Stored data
+---+

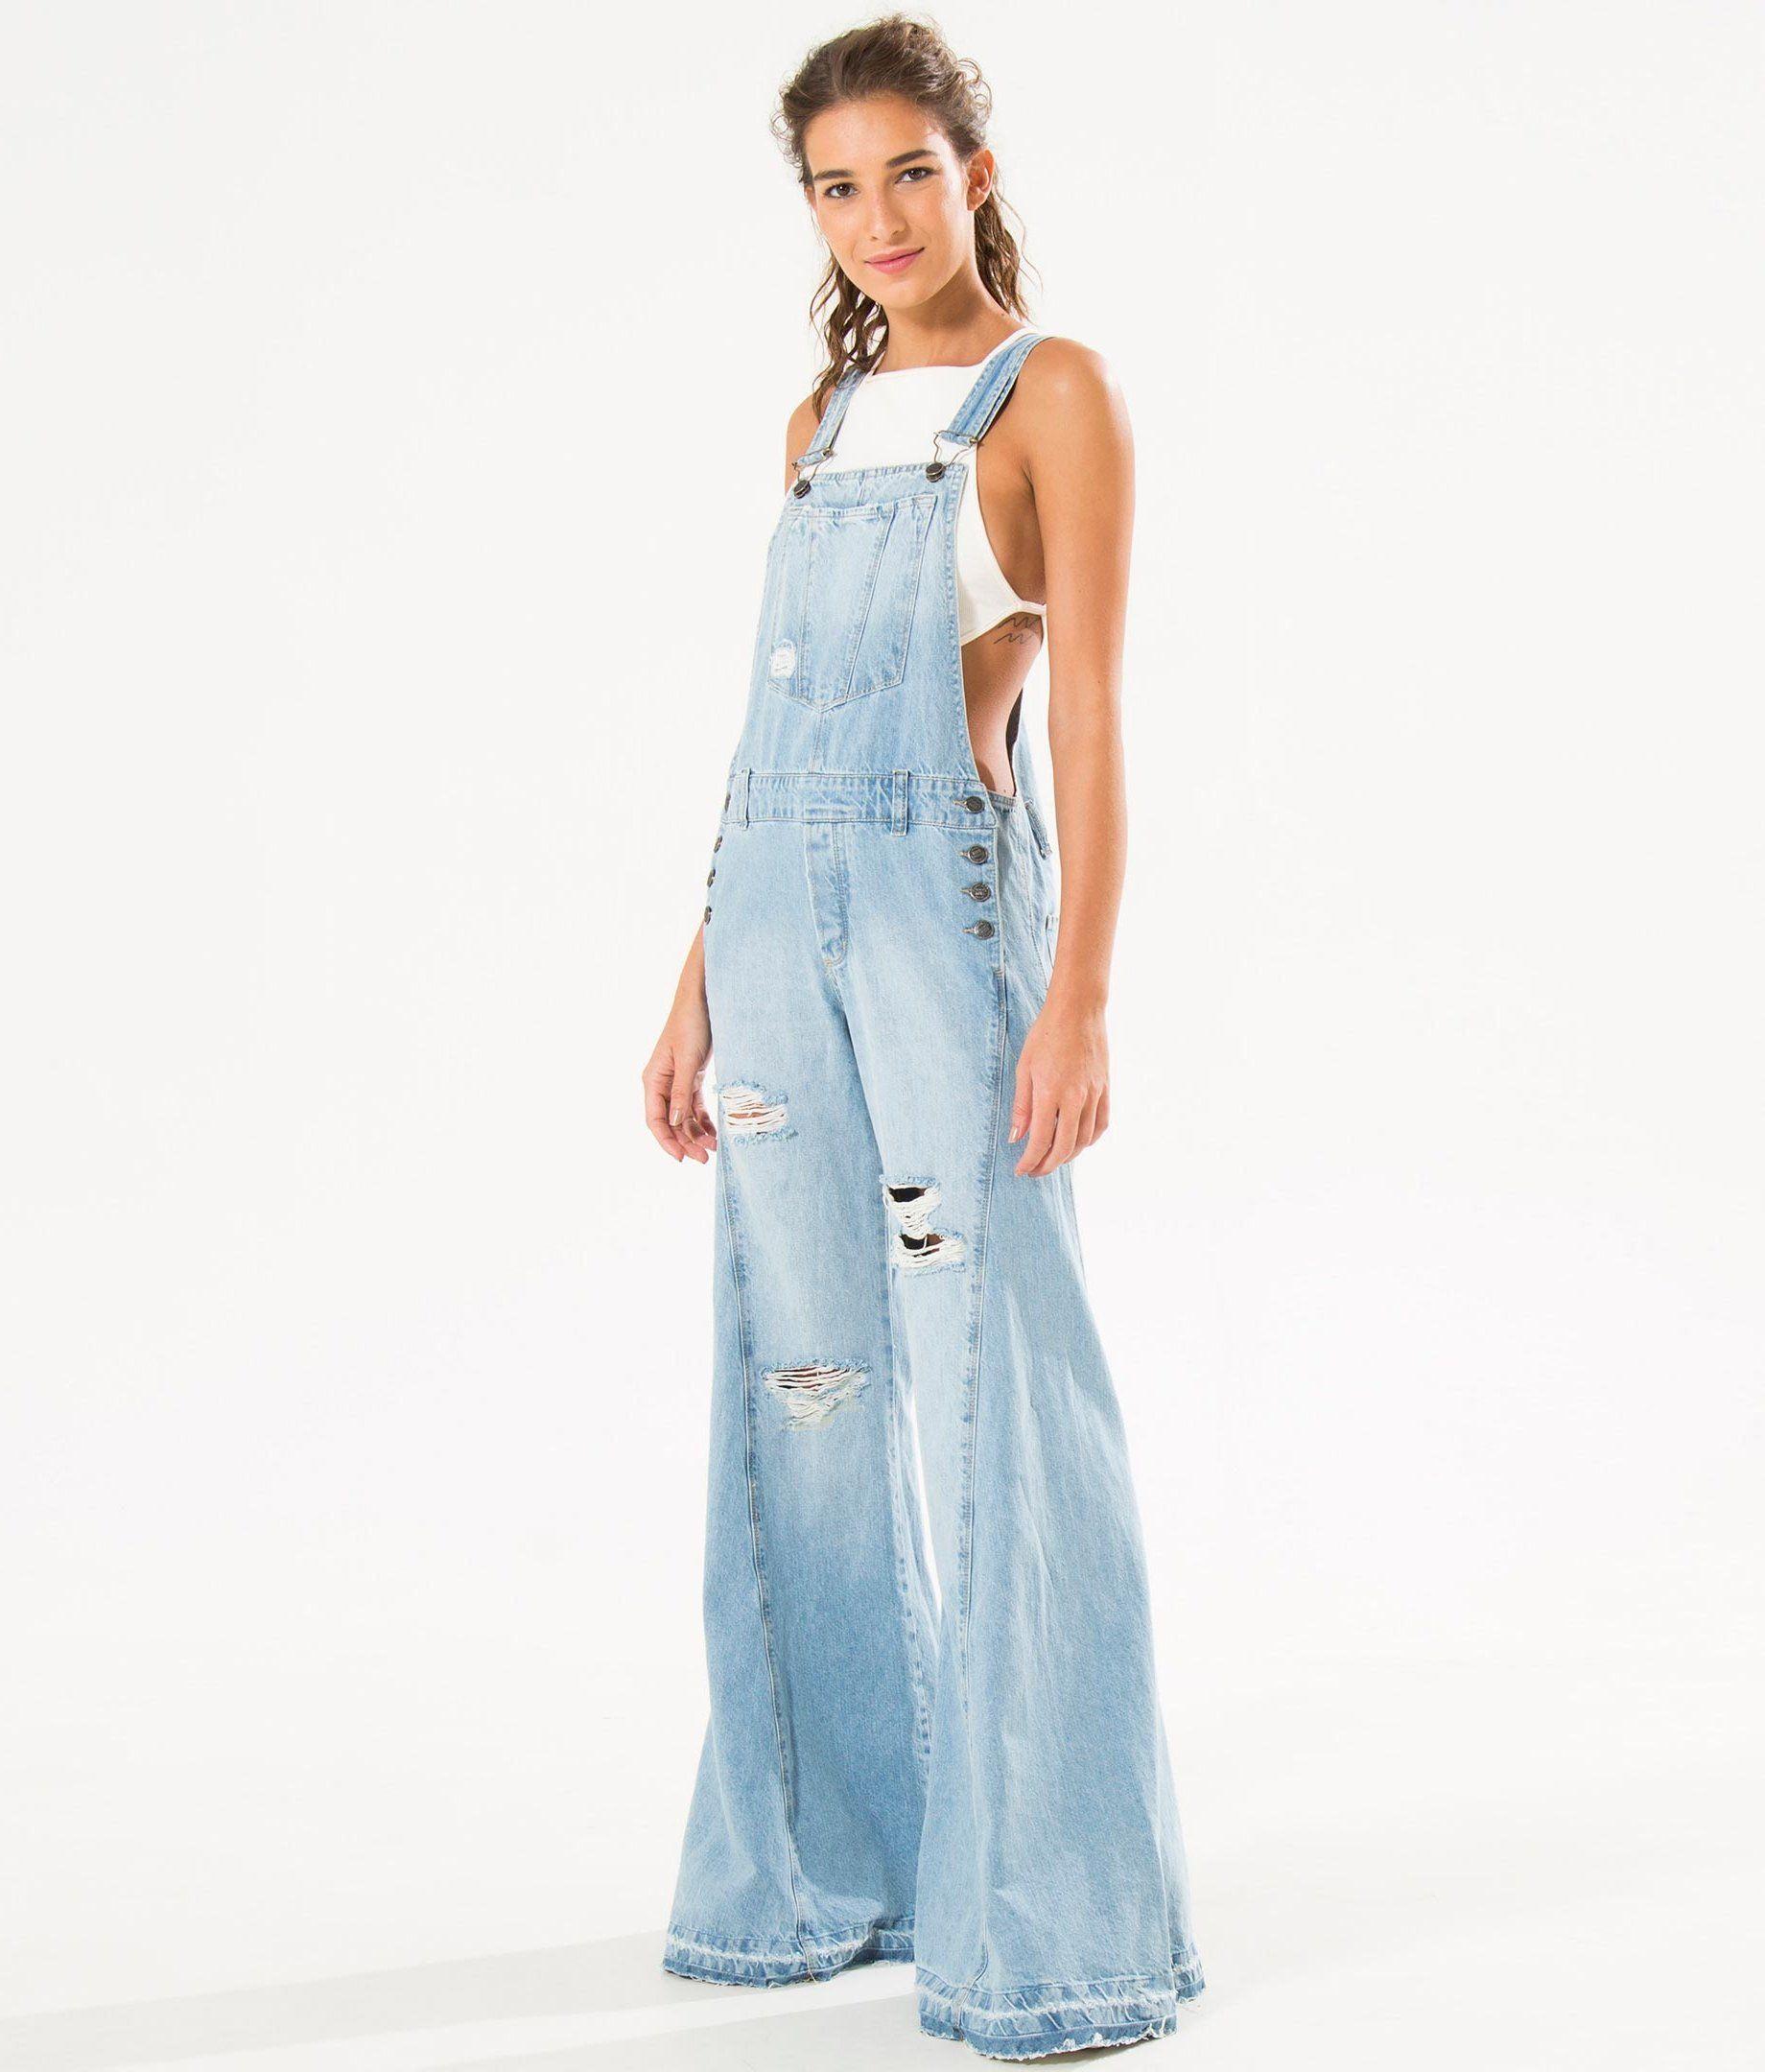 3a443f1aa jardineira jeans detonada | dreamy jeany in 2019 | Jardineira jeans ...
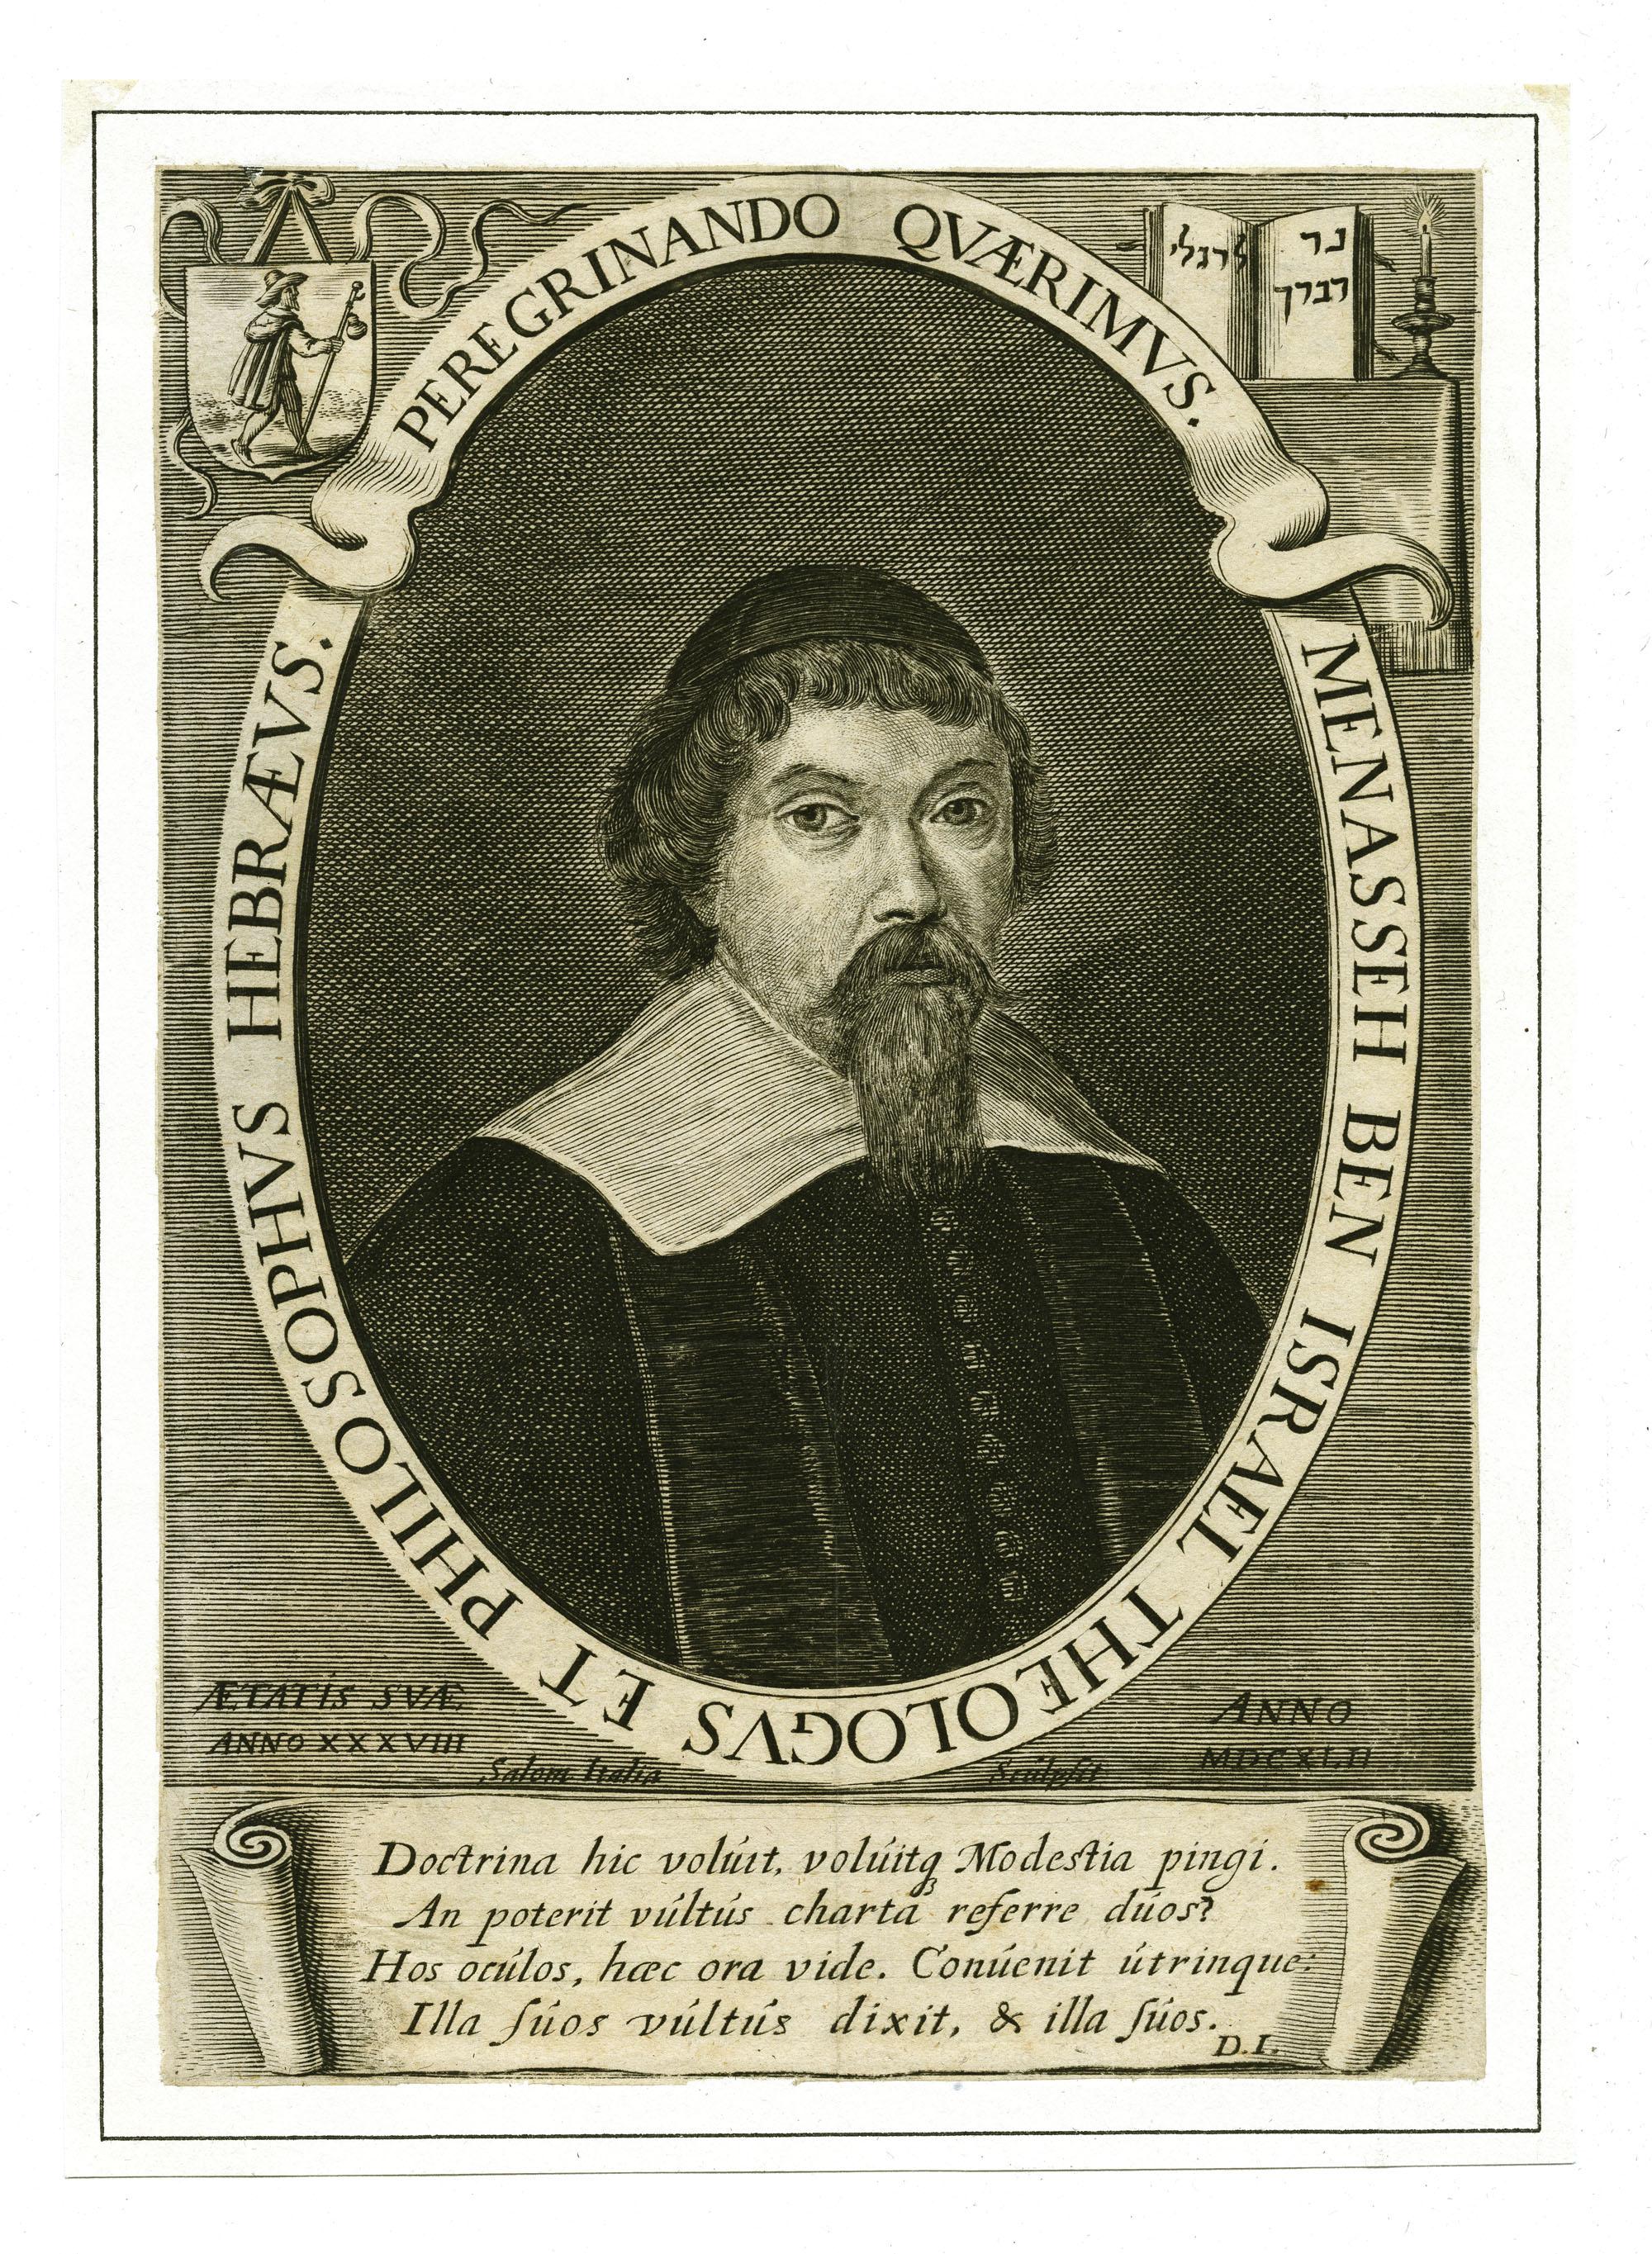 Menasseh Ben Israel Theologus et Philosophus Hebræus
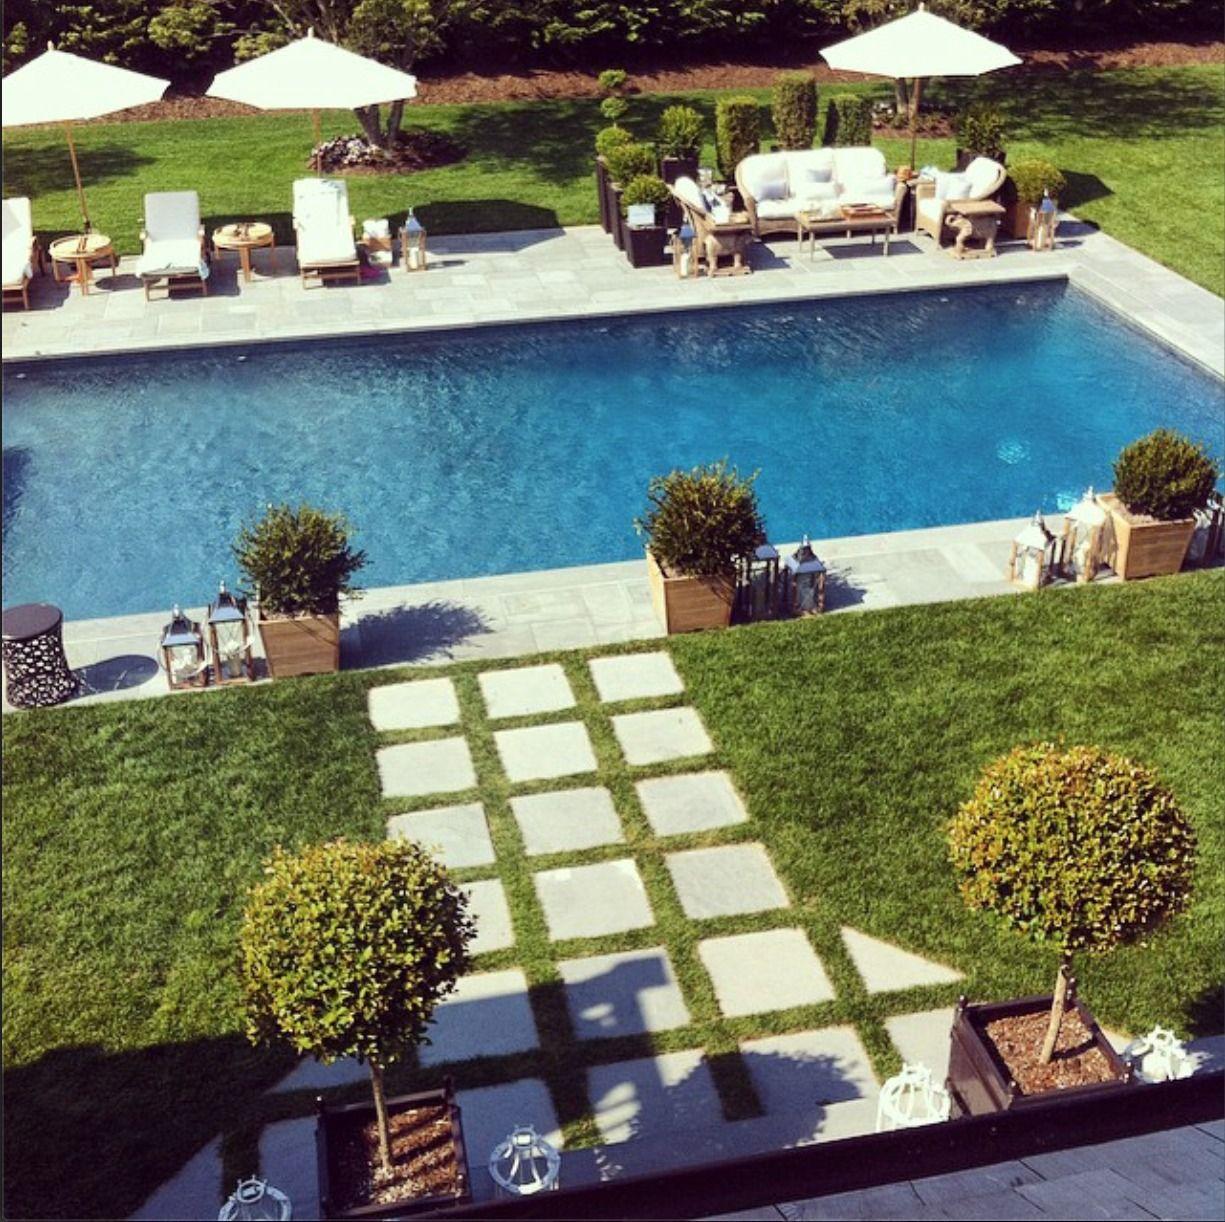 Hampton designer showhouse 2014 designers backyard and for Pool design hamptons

+---+

Required work
Restate every line of the data above word for word, with the images removed.

Reply to the task
 3a443f1aa jardineira jeans detonada | dreamy jeany in 2019 | Jardineira jeans ...
 Menasseh Ben Israel Theologus et Philosophus Hebræus
 Hampton designer showhouse 2014 designers backyard and for Pool design hamptons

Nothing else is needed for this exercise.